But his true moment of glory came during the bonus penalty shoot-out, saving four penalties from increasingly distraught Lyon players. Four penalties Karl? Four? That’s insane.

The first was kept out by a right arm stronger than a plank of wood, while the second demonstrated Hein’s cat-like reflexes as he sprung to his right to keep out a fierce effort.

With the souls of his opponents safely in Hein’s back pocket, the result of the final two spot-kicks was inevitable. The first rebounded away like a tennis ball flung at a brick wall, while the final Lyon penalty-taker was spooked into striking the most pathetic Panenka we’ve ever seen.

“It was so exciting for my whole family when I joined,” Hein told Arsenal’s official website this week.

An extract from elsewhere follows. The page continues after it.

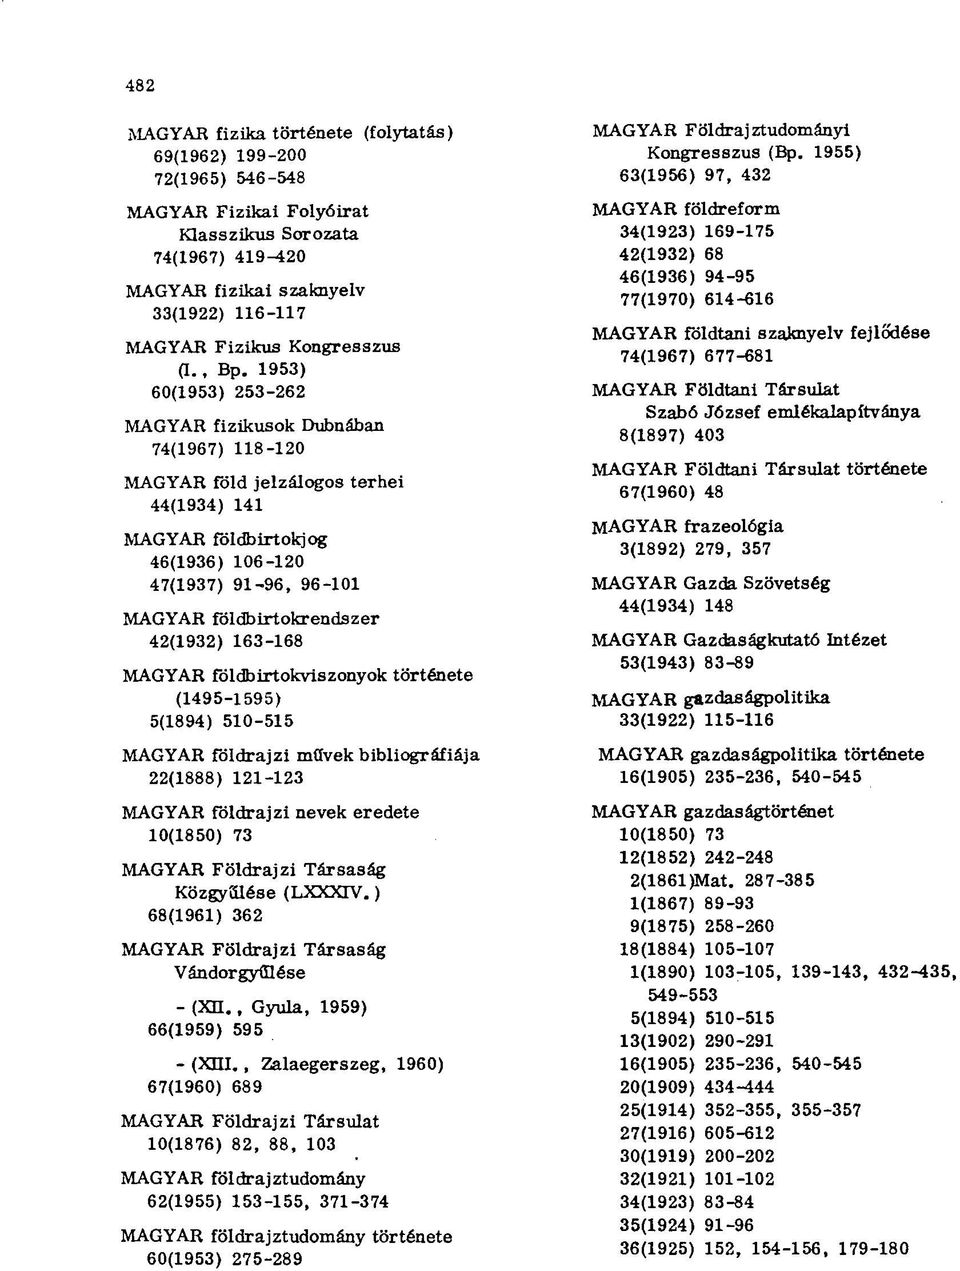 1953) 60(1953) 253-262 MAGYAR fizikusok Dubnában 74(1967) 118-120 MAGYAR fold jelzálogos terhei 44(1934) 141 MAGYAR földbirtokjog 46(1936) 106-120 47(1937) 91-96, 96-101 MAGYAR földbirtokrendszer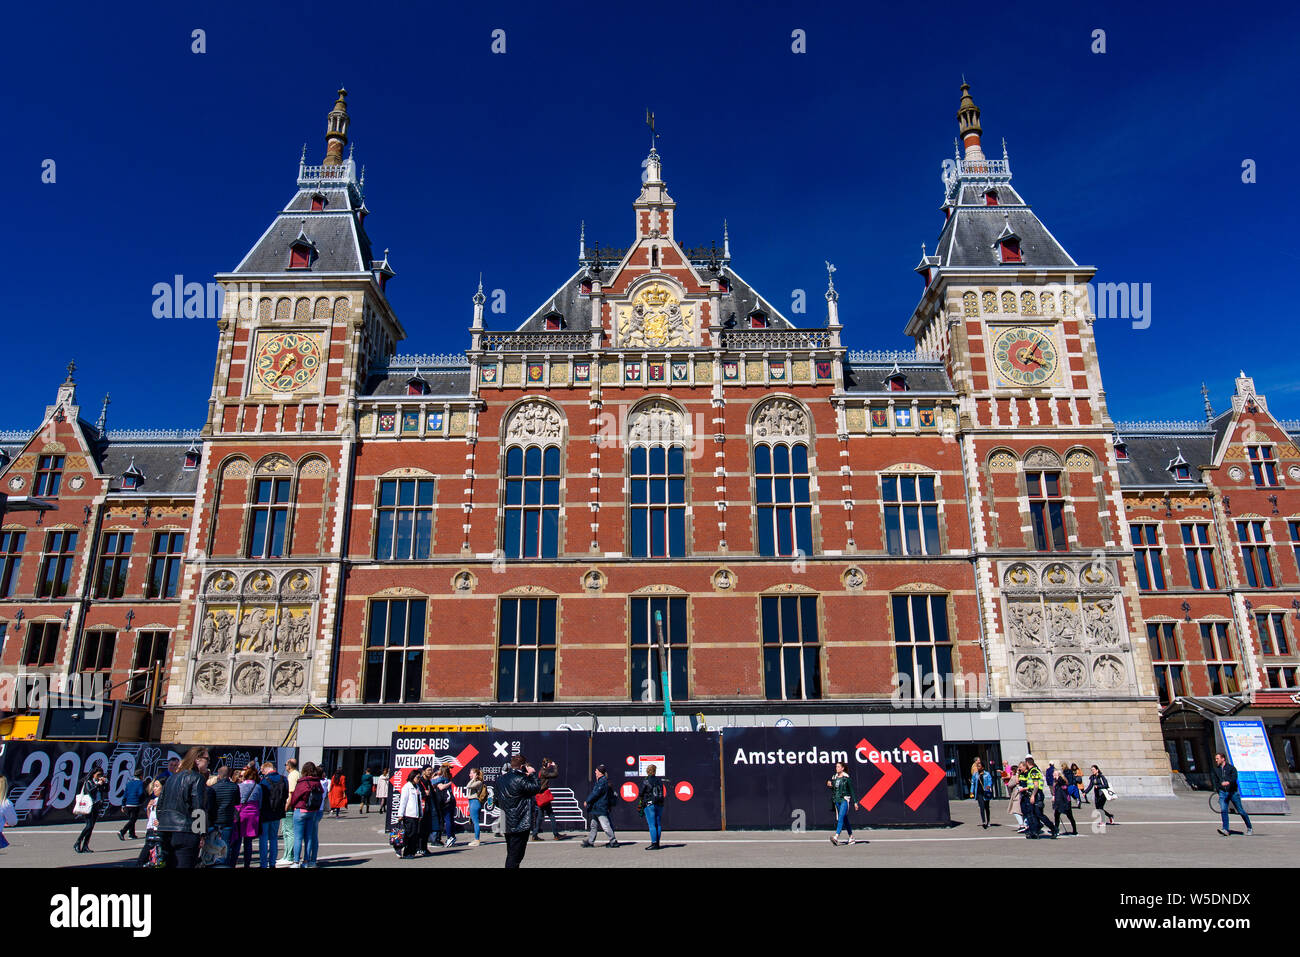 La stazione centrale di Amsterdam, la più grande stazione ferroviaria di Amsterdam, Paesi Bassi Foto Stock

“Very exciting, as a young Estonian boy, to go into a top club in Europe. It was surreal. My parents always, always backed me and we were all so happy to go to such a big club from Estonia. Just surreal.

“I had never been to England before so it was a massive change of culture, city, everything.

“I can’t lie, it was difficult at first. It was difficult to leave home. That moment when you realise, ‘Oh my God, I’m 16 and I’m not going to be at home anymore’.

“But when I had a bit of a homesickness coming, I always said to myself: ‘Come on Karl, you’re at Arsenal now, it doesn’t get better than that’. It was what I wanted, what I dreamed of, so it never affected me.

“I probably had homesickness for a few months when I was first here, but then that realisation that this is my dream to be here, so just crack on. That always motivated me even more,

“My parents come over every now and then but I’m completely settled here now. I have my own life here, my own apartment and all that, so I’m very settled now, very happy.

“I feel very natural to be here in London now, I know the system, how things work in the club and the city, I’m very at home.

“Especially I’m enjoying the football and everything right now.”

Hein remains behind Aaron Ramsdale and Matt Turner in the Arsenal pecking order, but his eye-catching ability to save penalties is sure to make him a cult hero at the Emirates.

Keep an eye on Hein during the early rounds of next season’s League Cup; his spot-kick prowess would make the most assured duellist tremble in their wake.